> Description of the task
Copy out the lines beginning at the one with "Fresh Idea: The" and ending at the last line of the data, both included; pictures stay out.

> Collected material
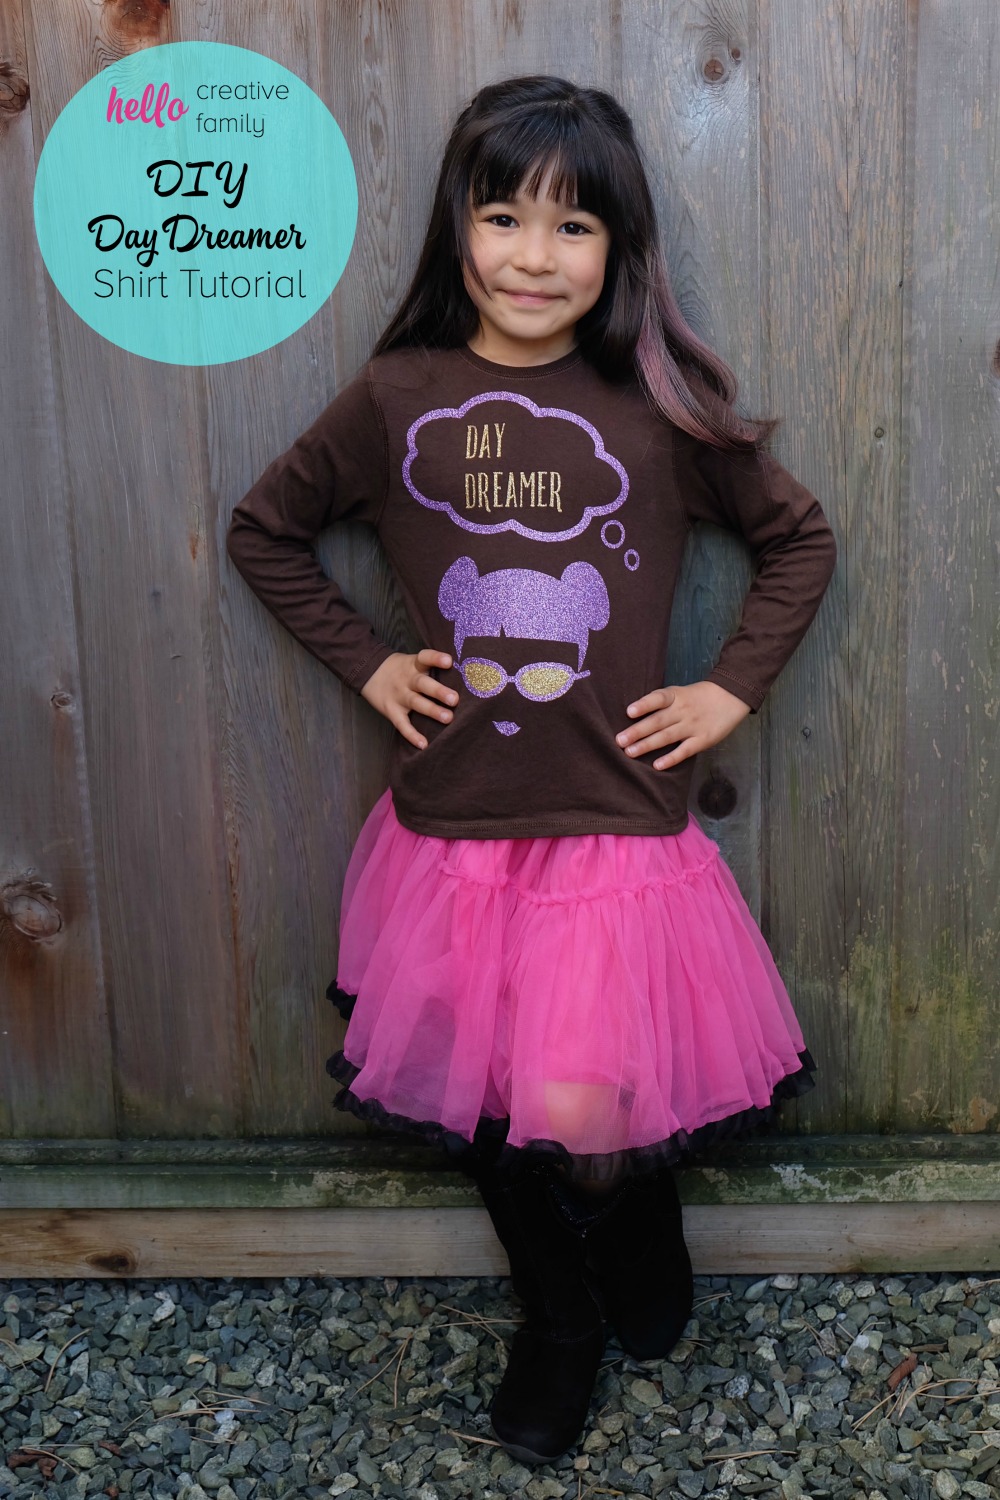 The perfect shirt for the dreamer in your life! This DIY Day Dreamer shirt can be made in minutes using the Cricut Explore. The project has a cute little girl with pigtail buns and says Day Dreamer and would be lovely for girl's clothing!
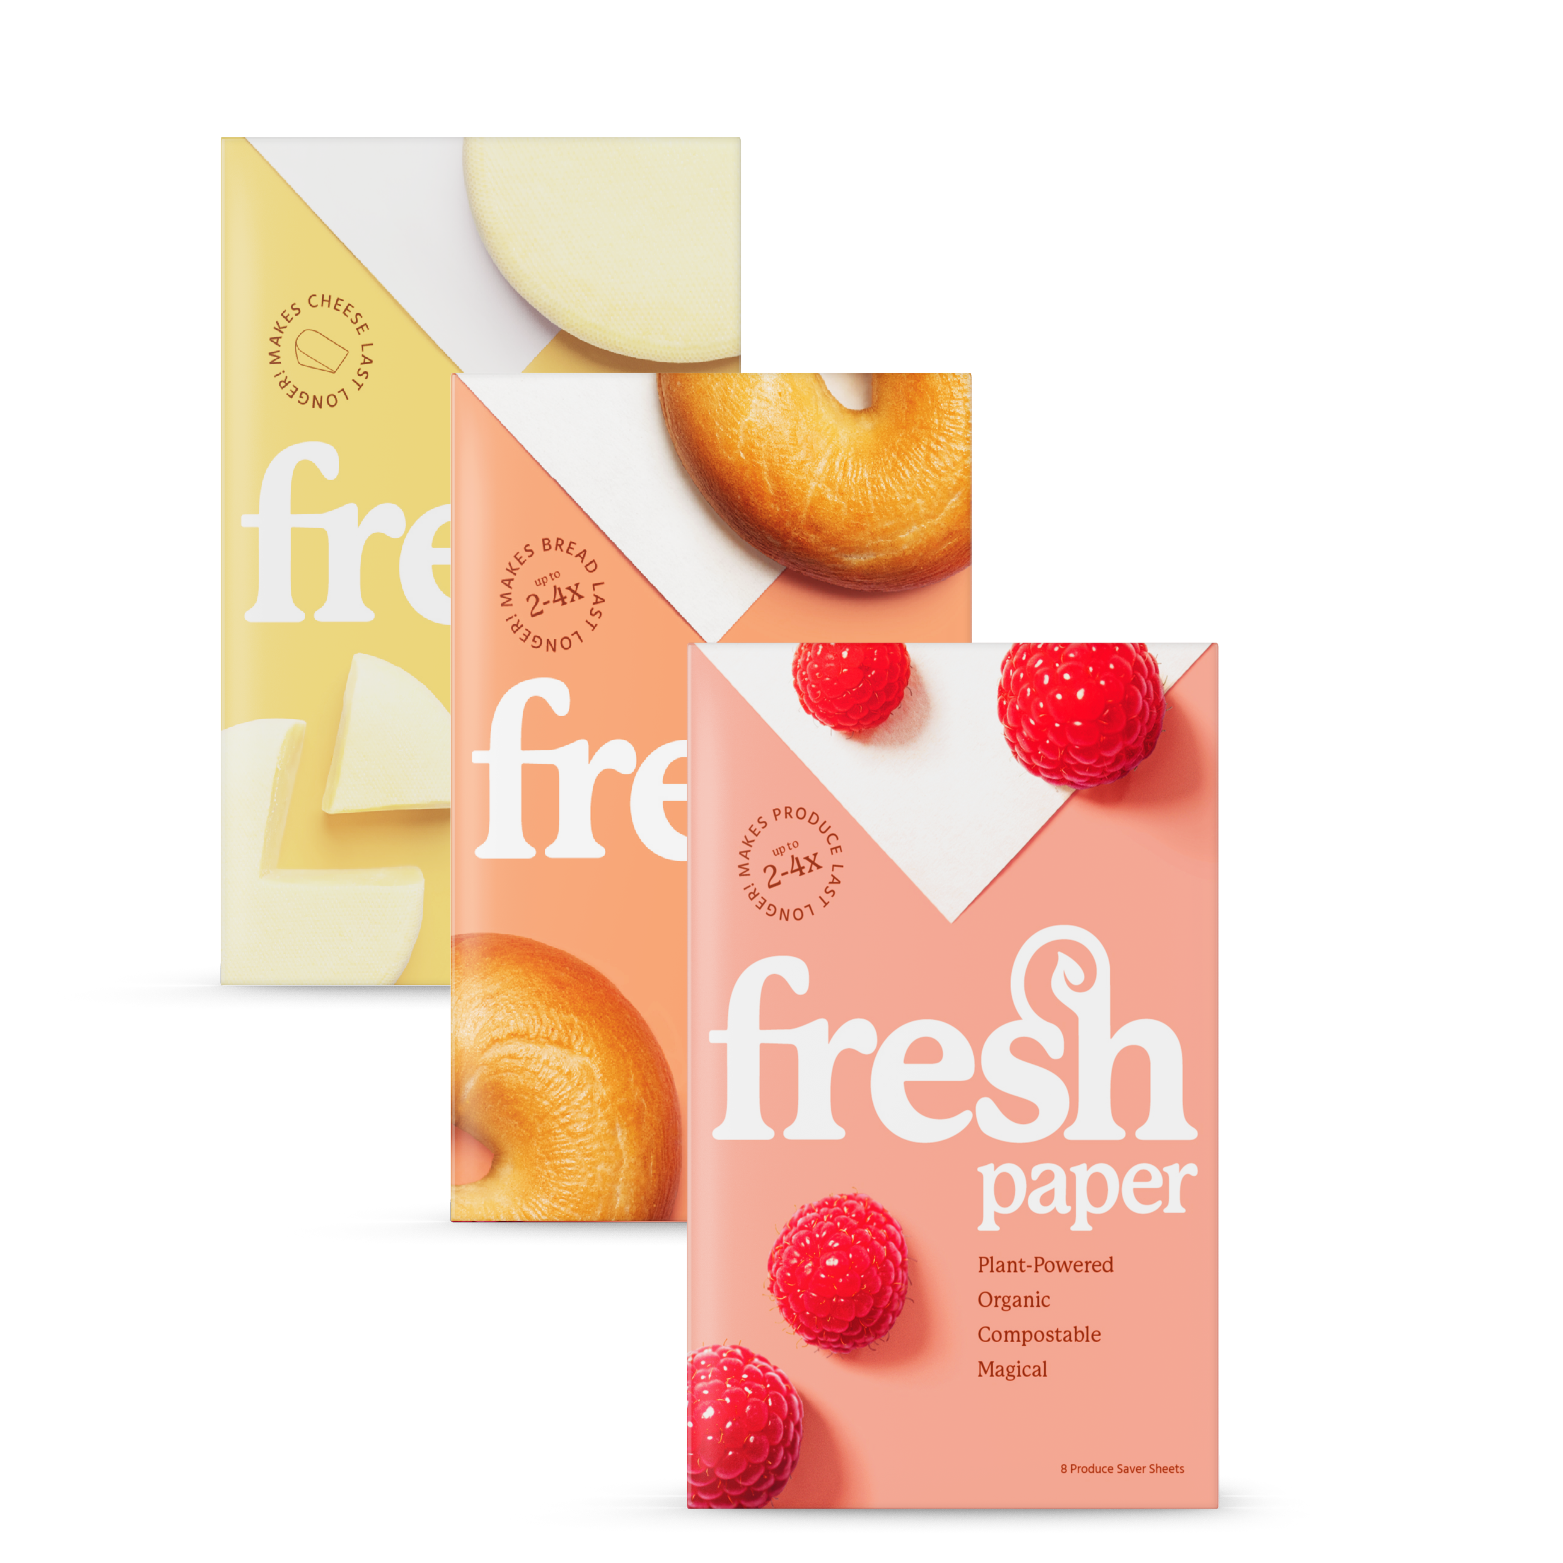 Fresh Idea: The Unlikely Inspiration Behind Food-Saver FreshPaper
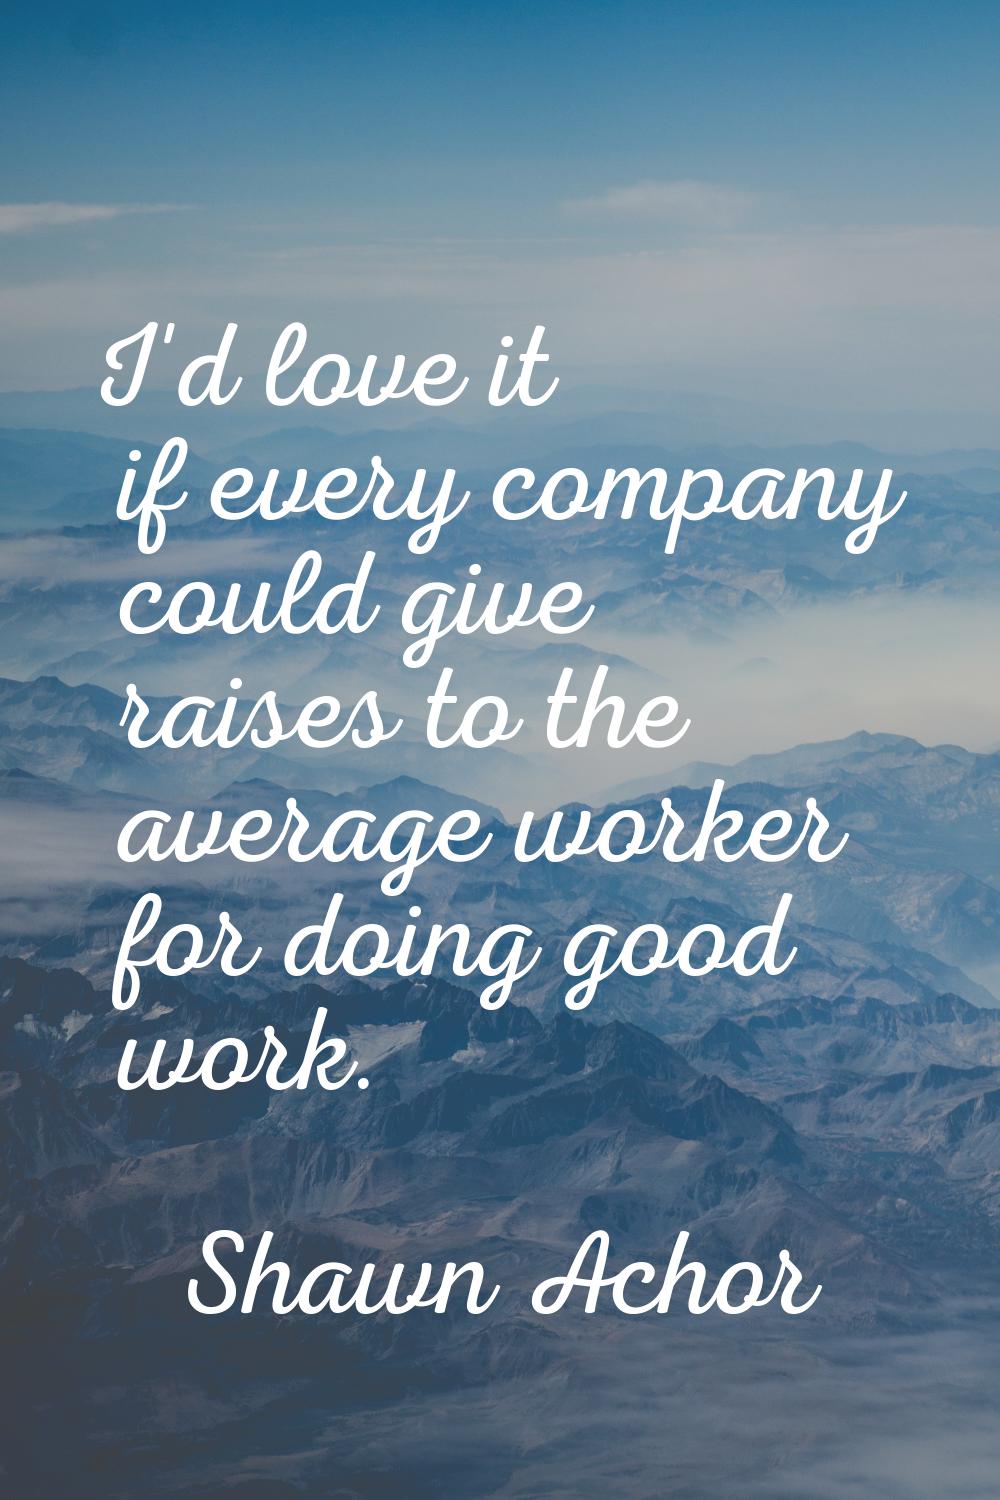 I'd love it if every company could give raises to the average worker for doing good work.
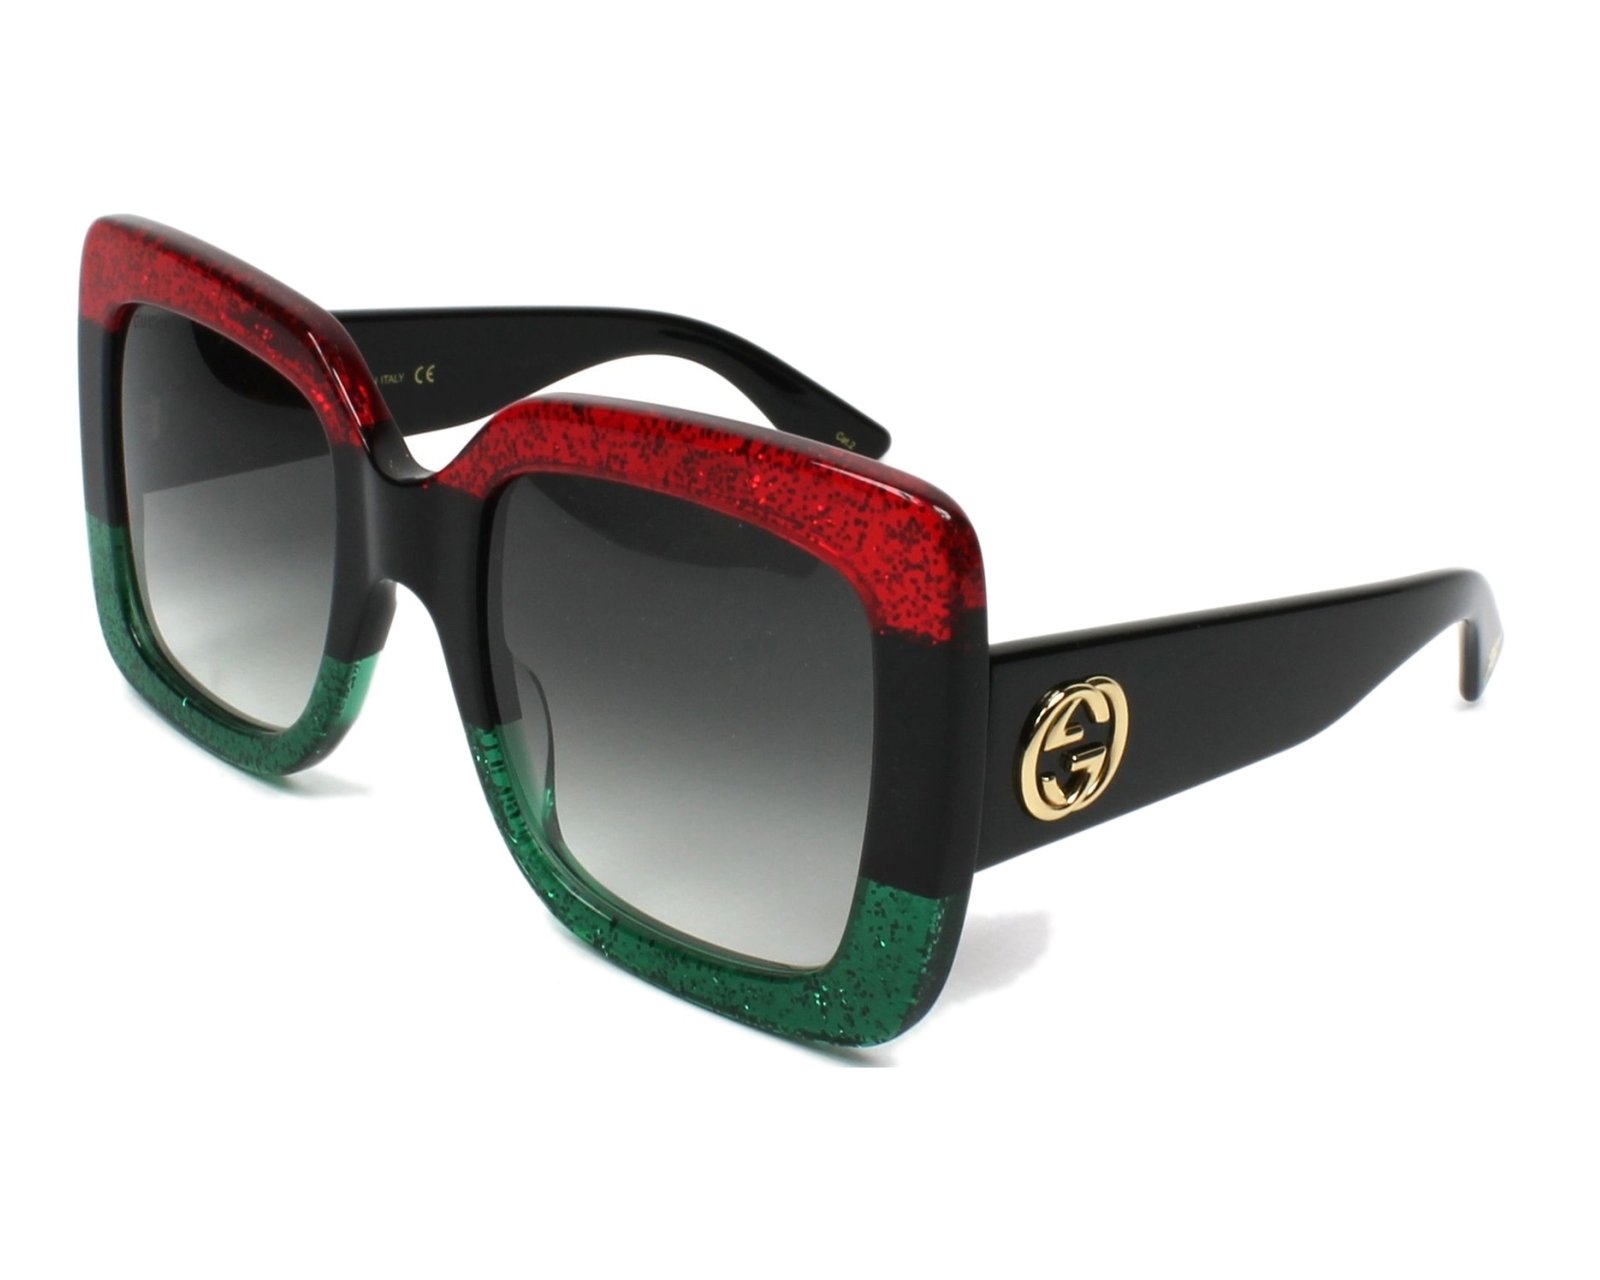 gucci glasses green and red

> Task output
 Fresh Idea: The Unlikely Inspiration Behind Food-Saver FreshPaper
 I'd love it if every company could give raises to the average worker for doing good work.
 gucci glasses green and red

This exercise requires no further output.